Asisten II Bidang Perekonomian dan Pembangunan Sekda Aceh, Teuku Ahmad Dadek, menilai Undang-Undang No. 18 Tahun 2018 Tentang Pengelolaan Sampah perlu direvisi dan dipertegas penerapannya.
Hal itu sebagai salah satu cara terbaik untuk mengontrol penimbunan sampah yang berlebihan.
“Secara substansi UU tersebut sudah cukup baik dengan mencantumkan mekanisme infrastruktur dalam peggelolaan sampah dan kerja sama,” kata Dadek saat menerima kedatangan Komite II Dewan Perwakilan Daerah (DPD) RI di ruang Potensi Daerah Setda Aceh, Banda Aceh, Selasa, 28/1/2020.
Namun demikian, menurut Dadek, masih ada kekurangan pasal-pasal yang mengatur bagaimana menumbuhkan budaya hidup bersih di kalangan masyarakat Indonesia khususnya Aceh.
Dadek menginginkan dalam revisi UU itu, beberapa rekomendasi dari Pemerintah Aceh bisa dimasukkan. Di antara rekomendasi pihaknya adalah perlunya keterlibatan pihak swasta dalam mengelola sampah, sehingga sampah yang awalnya berbahaya dapat diubah menjadi produk yang bernilai ekonomis. Di samping itu, upaya peningkatan budaya peduli sampah di kalangan masyarakat juga perlu untuk terus ditingkatkan.
“Menumbuhkan budaya bersih harus dipercepat, masalah infrastruktur bisa dibangun banyak namun jika budaya bersih masih kurang sama saja. Budaya ini yang perlu dijaga dan di kembangkan dan itu semua harus dimulai dari kita sendri,” kata Dadek.

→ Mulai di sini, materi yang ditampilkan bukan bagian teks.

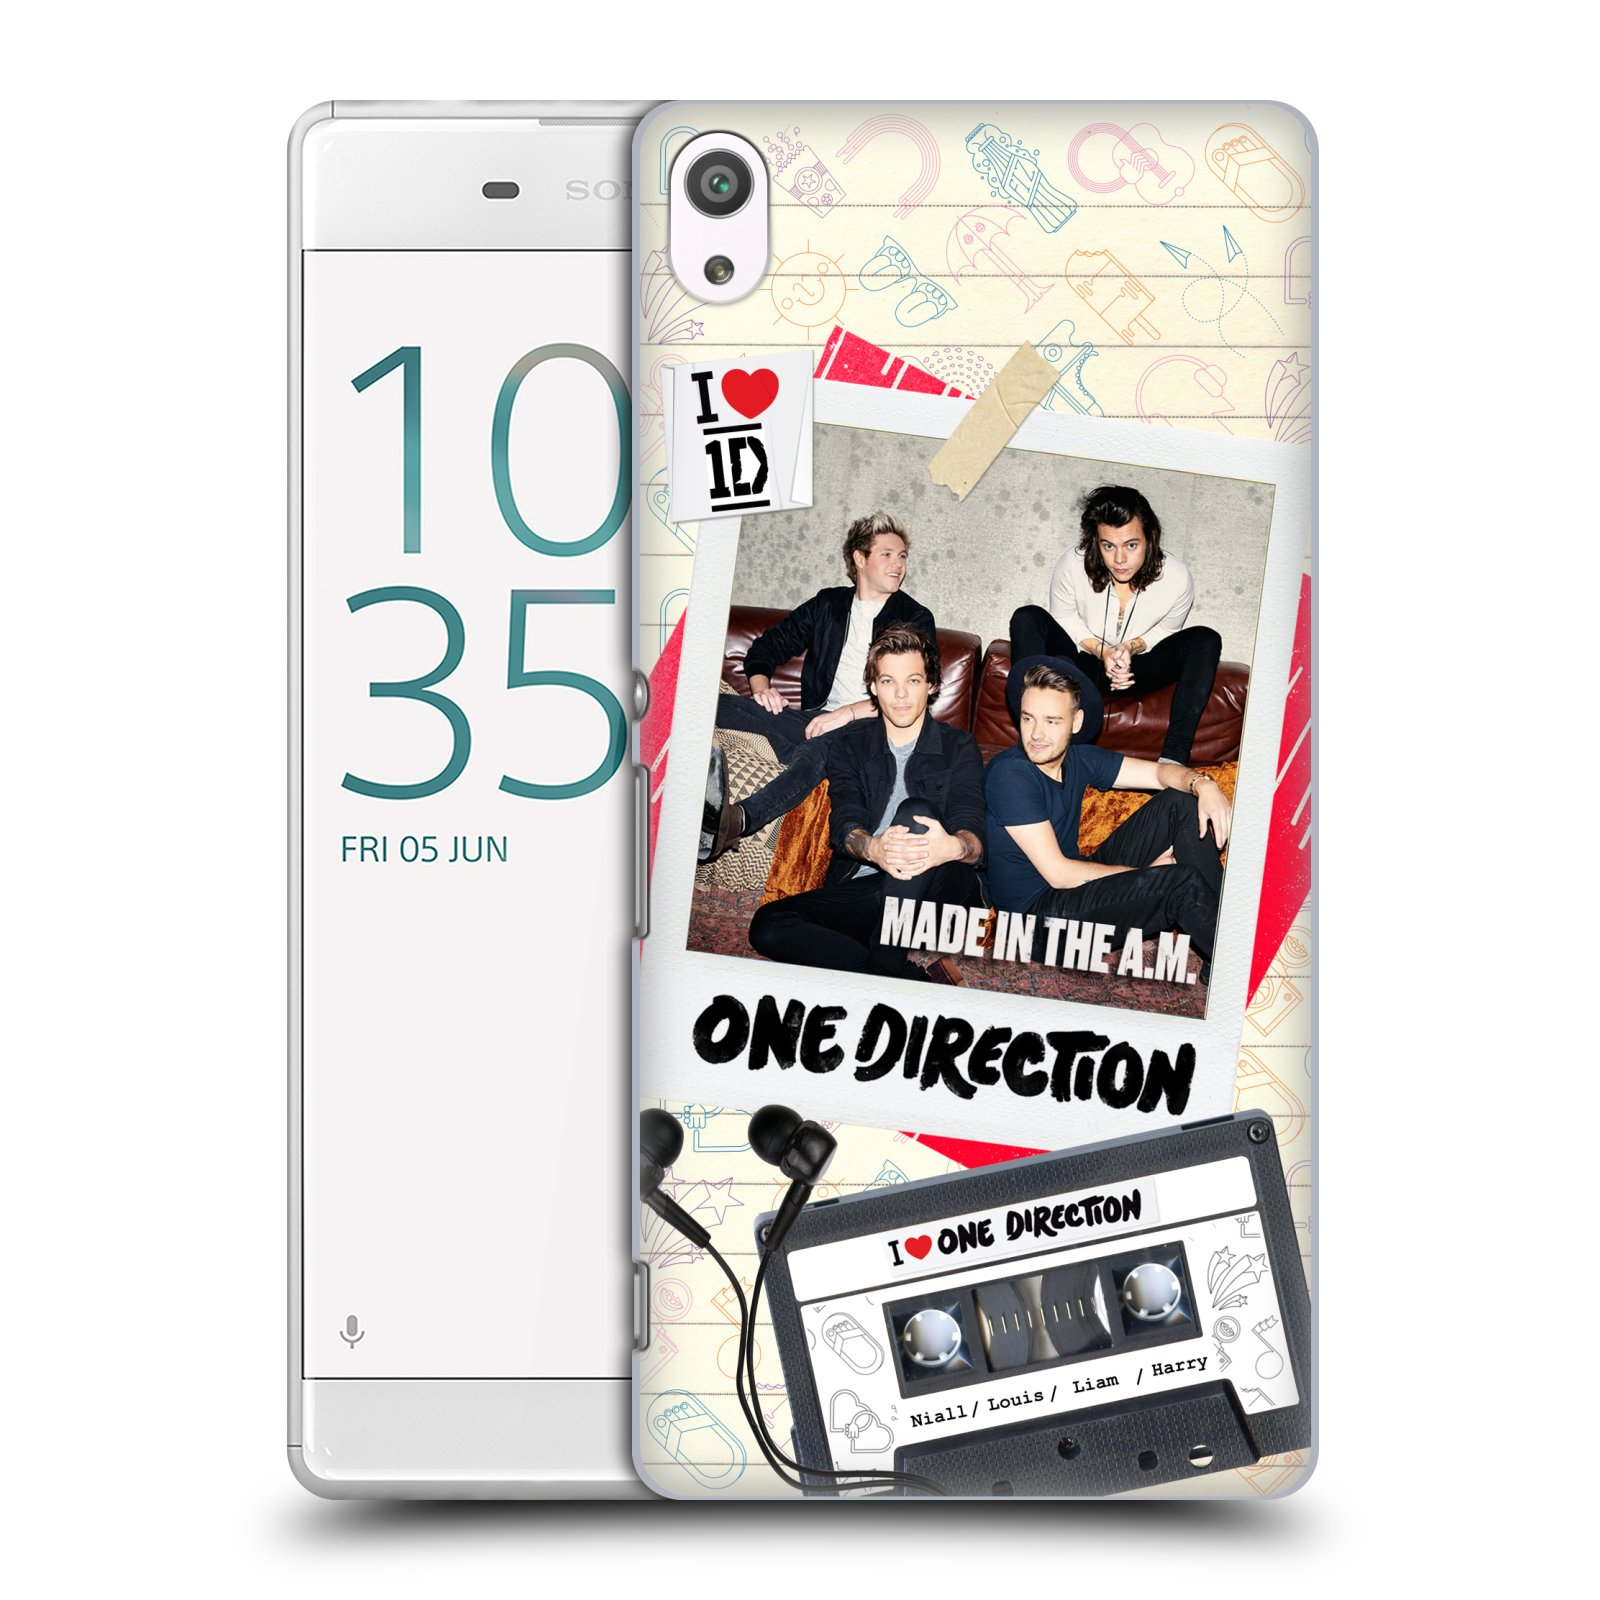 Plastové pouzdro na mobil Sony Xperia XA Ultra HEAD CASE One Direction - Kazeta (Plastový kryt či obal One Direction Official na mobilní telefon Sony Xperia XA Ultra F3211)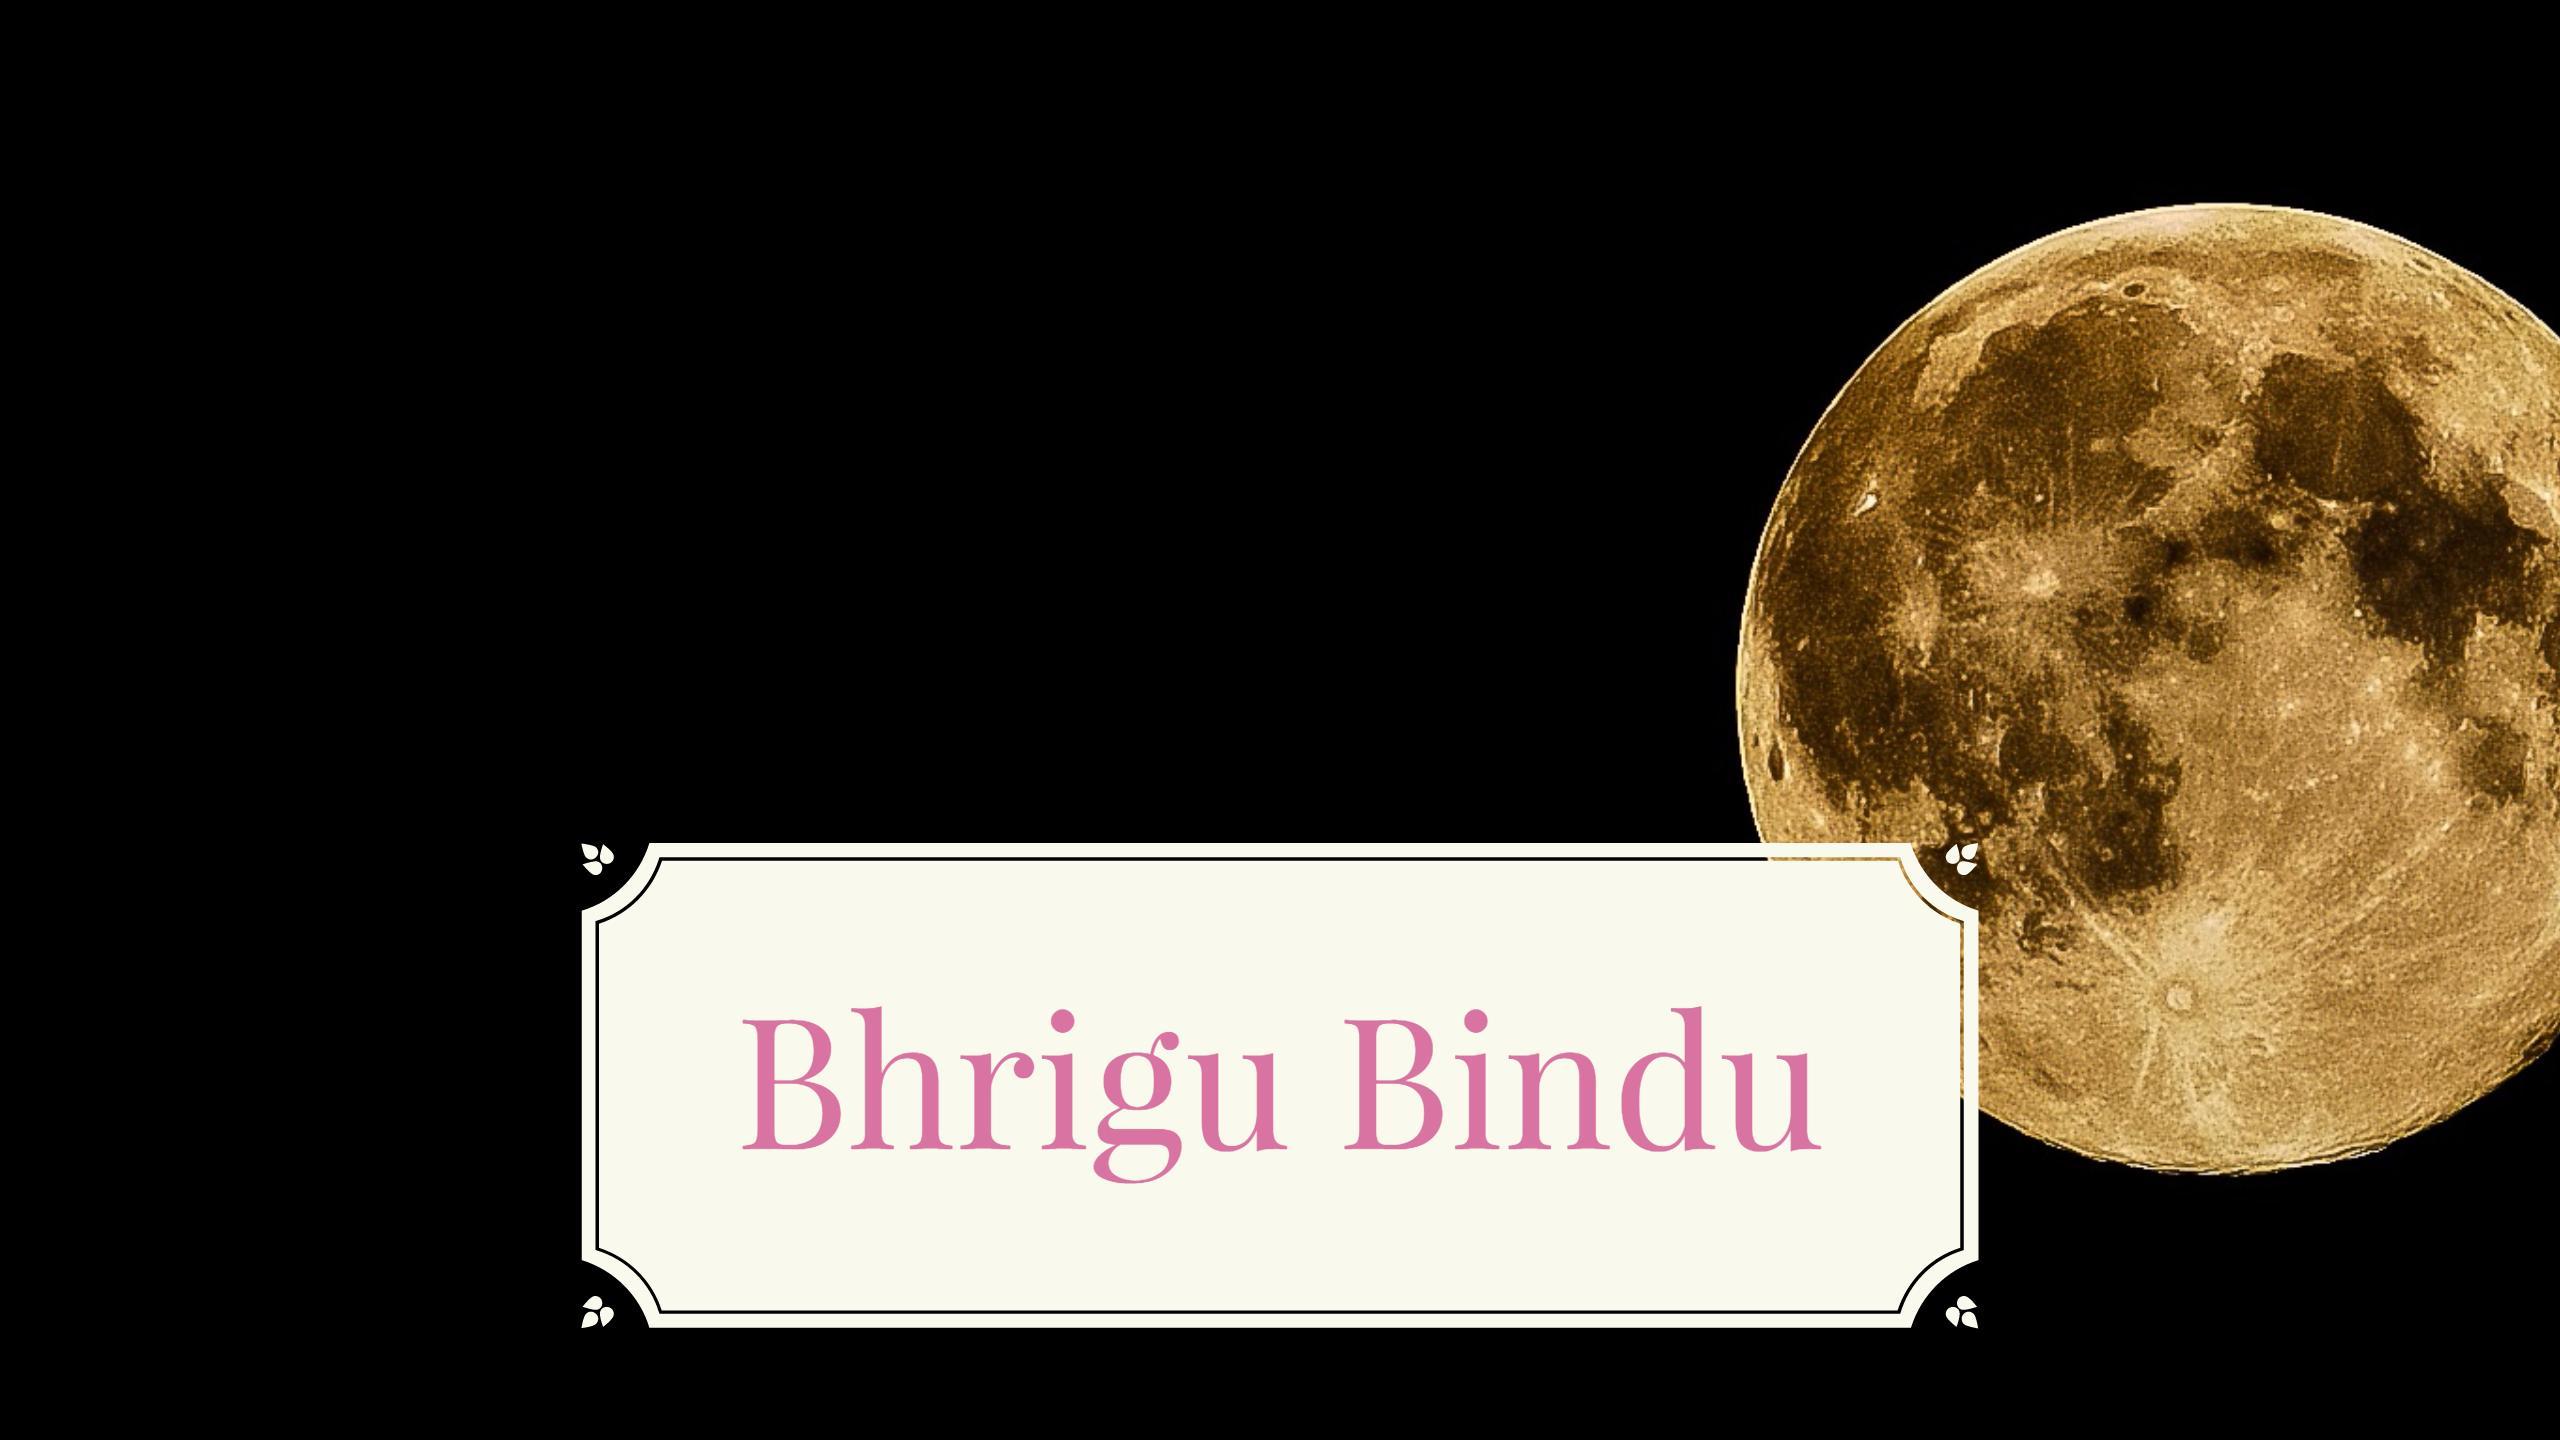 Bhrigu Bindu

Sementara terkait keikutsertaan pihak swasta dalam mengelola sampah perlu didukung dengan regulasi yang tegas dari pemerintah pusat. “Kebijakan di pusat yang tepat akan memengaruhi yang di daerah juga,” kata Dadek
Sementara itu Ketua Delegasi Komite II DPD RI, Abdullah Puteh, mengatakan pertemuan tersebut dilakukan untuk menyempurnakan revisi UU Nomor 18 tahun 2018 tentang pengelolaan sampah.
“Kedatangan kami dalam rangka menyusun dan menerima rekomendasi serta pandangan dari Aceh tentang pengelolaan sampah,” kata Mantan Gubernur Aceh tersebut.